Aus dieser Art der sprachlichen Gedankenentfaltung ergeben sich die stilistischen Besonderheiten. Sie beziehen sich nicht nur auf die jeweiligen Einzel-formulierungen, sondern auch auf die sprachlogischen Beziehungen zwischen Abschnitten und Sätzen. Logik und Stilistik gehen hier oft zusammen, besonders bei der Gestaltung der Satzgefüge und Verknüpfung der Sätze. Die Formulierung bestimmter Gedankengänge verlangt zudem einen abstrakt-begrifflichen Wortschatz, der jedoch das Verständnis nicht erschweren darf und deshalb mit bestimmten Formen der Anschaulichkeit des Ausdrucks (Bildern, Vergleichen, bildhaften Verben u.ä.) wechseln soll. Bei schulischen wie bei umfangreicheren wissenschaftlichen Arbeiten werden die Gedankenschritte oft durch stichwort- oder thesenartige Überschriften in einer vorangestellten und eingearbeiteten Gliederung verdeutlicht. Bei kleineren Aufsätzen oder anderen Gebrauchsformen (Kommentaren u.ä.) erübrigt sich dieses äußere Korsett, ohne daß auf eine innere Ordnung verzichtet werden kann. Die gedanklichen Übergänge erfordern allerdings eine größere Geschmeidigkeit.
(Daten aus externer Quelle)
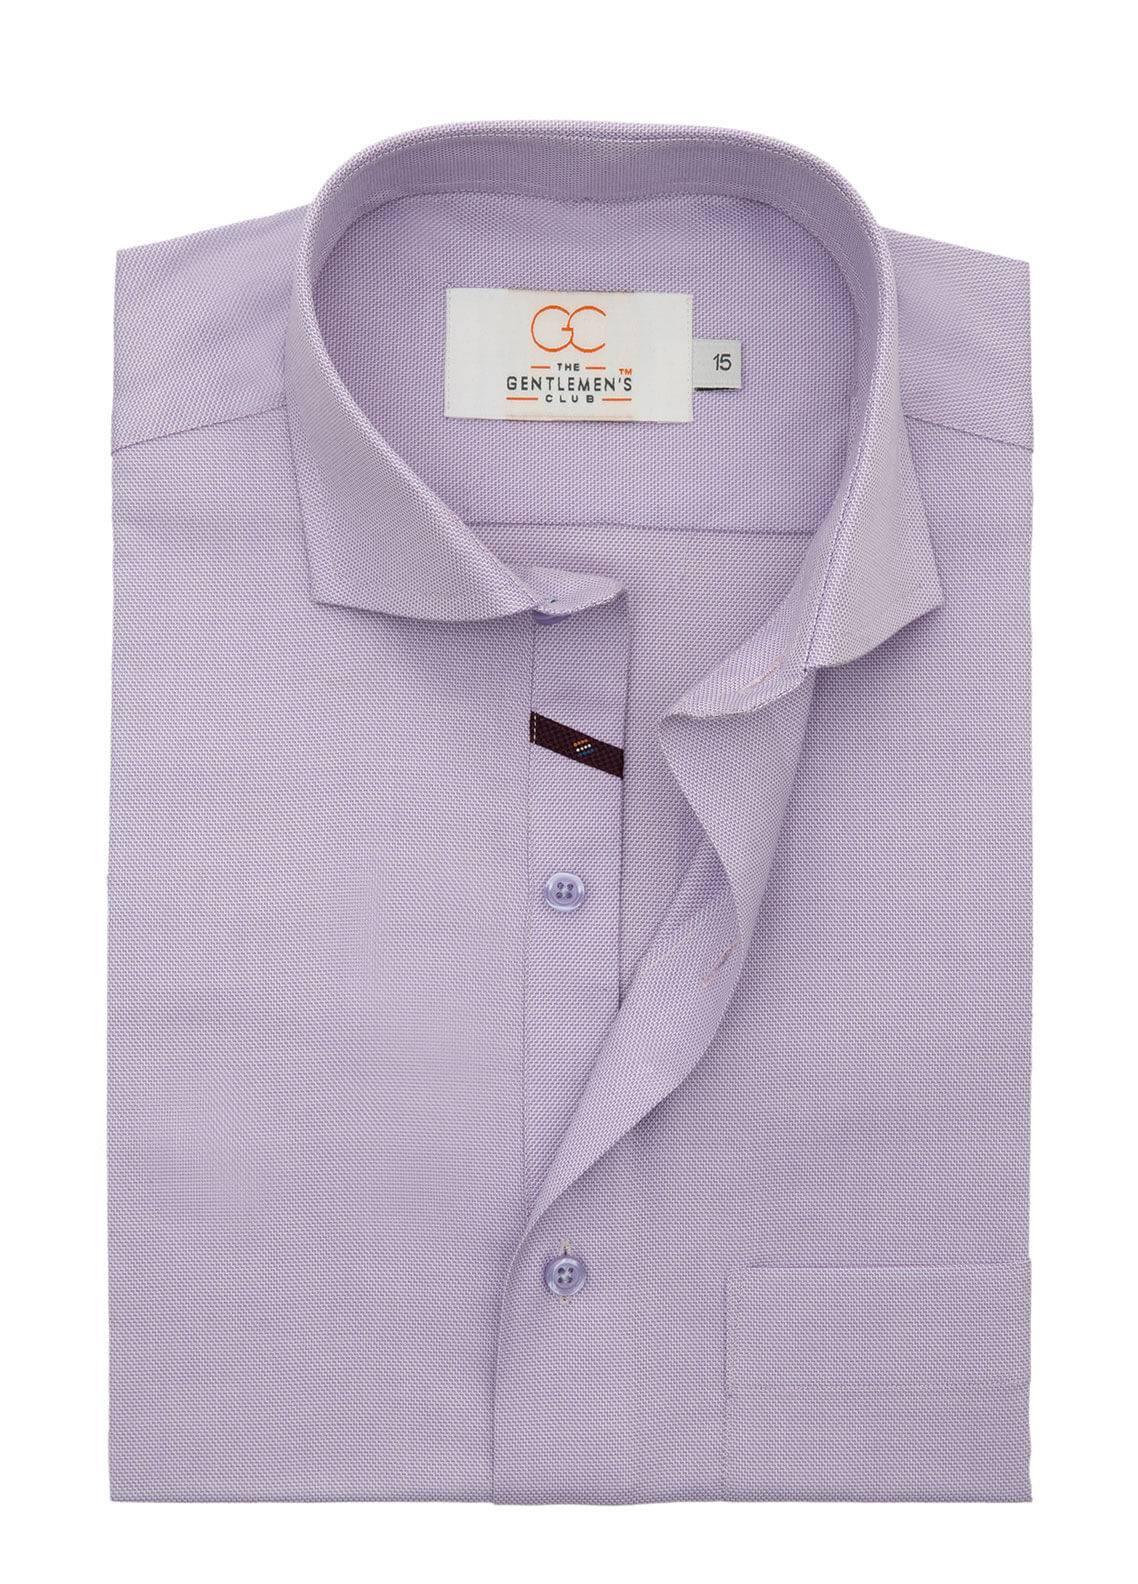 The Gentlemen's Club Cotton Formal Men Shirts - Purple White Label 4077 - 18.5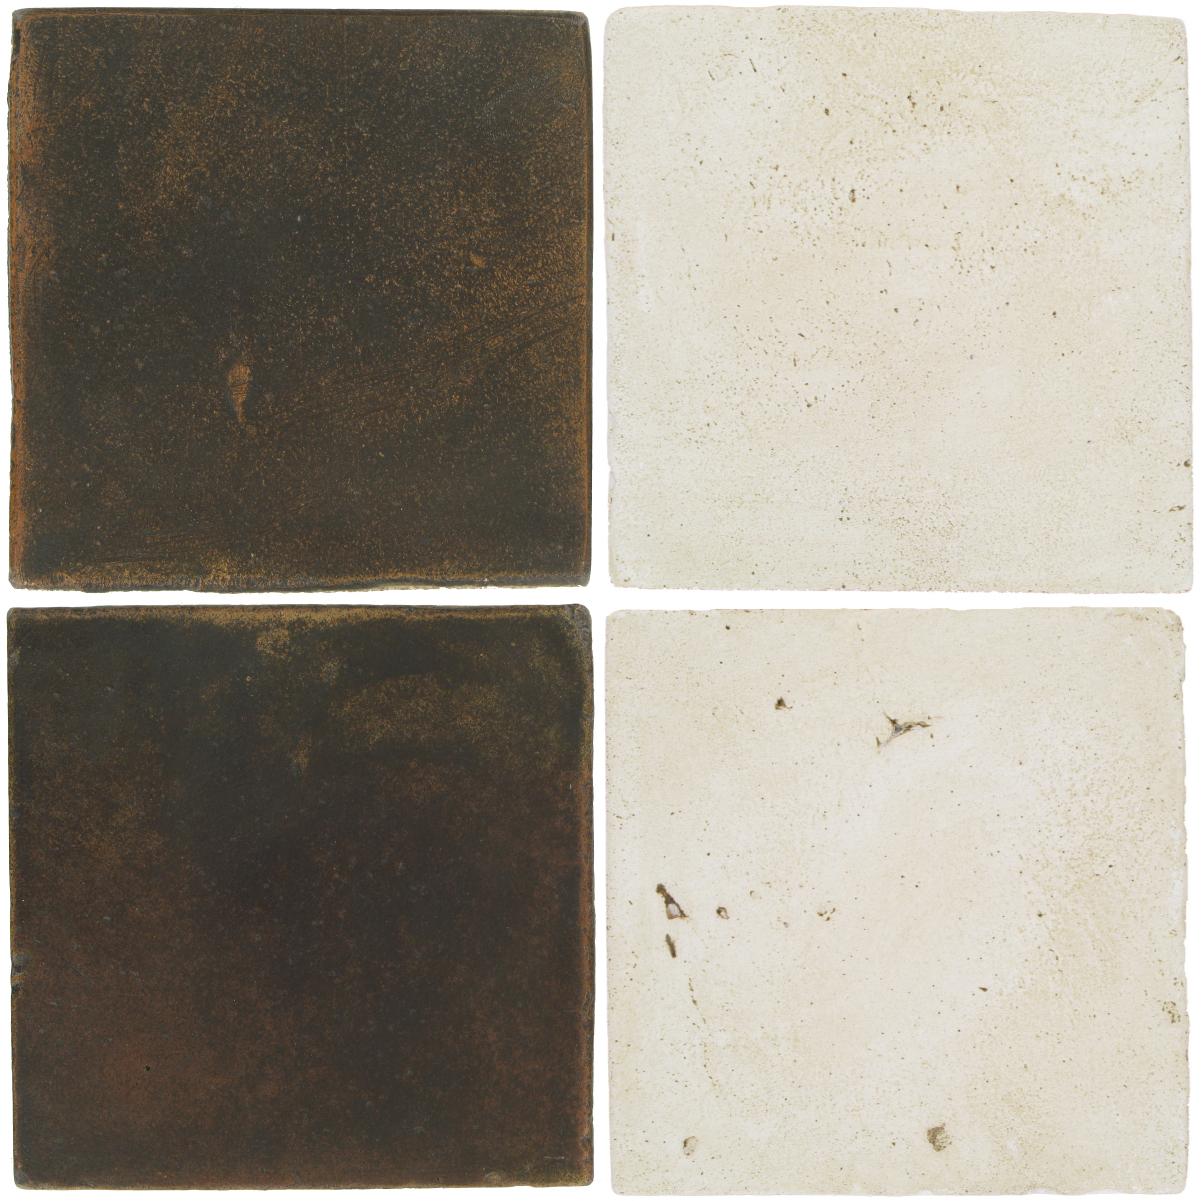 Pedralbes Antique Terracotta  2 Color Combinations  OHS-PSCO Cologne Brown + VTG-PGAW Antique White

Begriffserklärung: Das Abwägen des Bedeutungsinhalts bestimmter Wörter, besonders abstrakter Begriffe, geht oft über die bloße Erläuterung knapper Sachkommentare (und ihrer Kurzform in Wörterbüchern) hinaus und gehört – soweit es in der Form sorgfältiger Reflexionen vollzogen wird – zur Testgruppe der Erörterungen. Zu den gedanklichen Anforderungen der Begriffserklärung gehört es, den gesuchten Begriff in bestimmte Begriffsfelder einzuordnen und ihn von Gegenbegriffen, Teilsynonymen, Ober- und Unterbegriffen abzugrenzen und außergewöhnliche Verwendungen aufzuzeigen, den Wortsinn durch Beispiele zu veranschaulichen, mitunter die Wortbedeutung aus der Etymologie zu erklären, Bedeutungswandlungen hervorzuheben u.a.m.

Da es hier mehr urn ein Nebeneinander, weniger um ein Nacheinander von Beobachtungen und Gedanken geht, treten die Satzgefüge zurück (bis auf Inhalts-, Konditional-, Adversativ- und Relativsätze), an ihrer Stelle erscheinen parataktische, syndetische Satzverbindungen. Haupttempus bleibt das Präsens. Der Einbezug von situativen Beispielen lockert die abstrakte Form dieser Textsorten.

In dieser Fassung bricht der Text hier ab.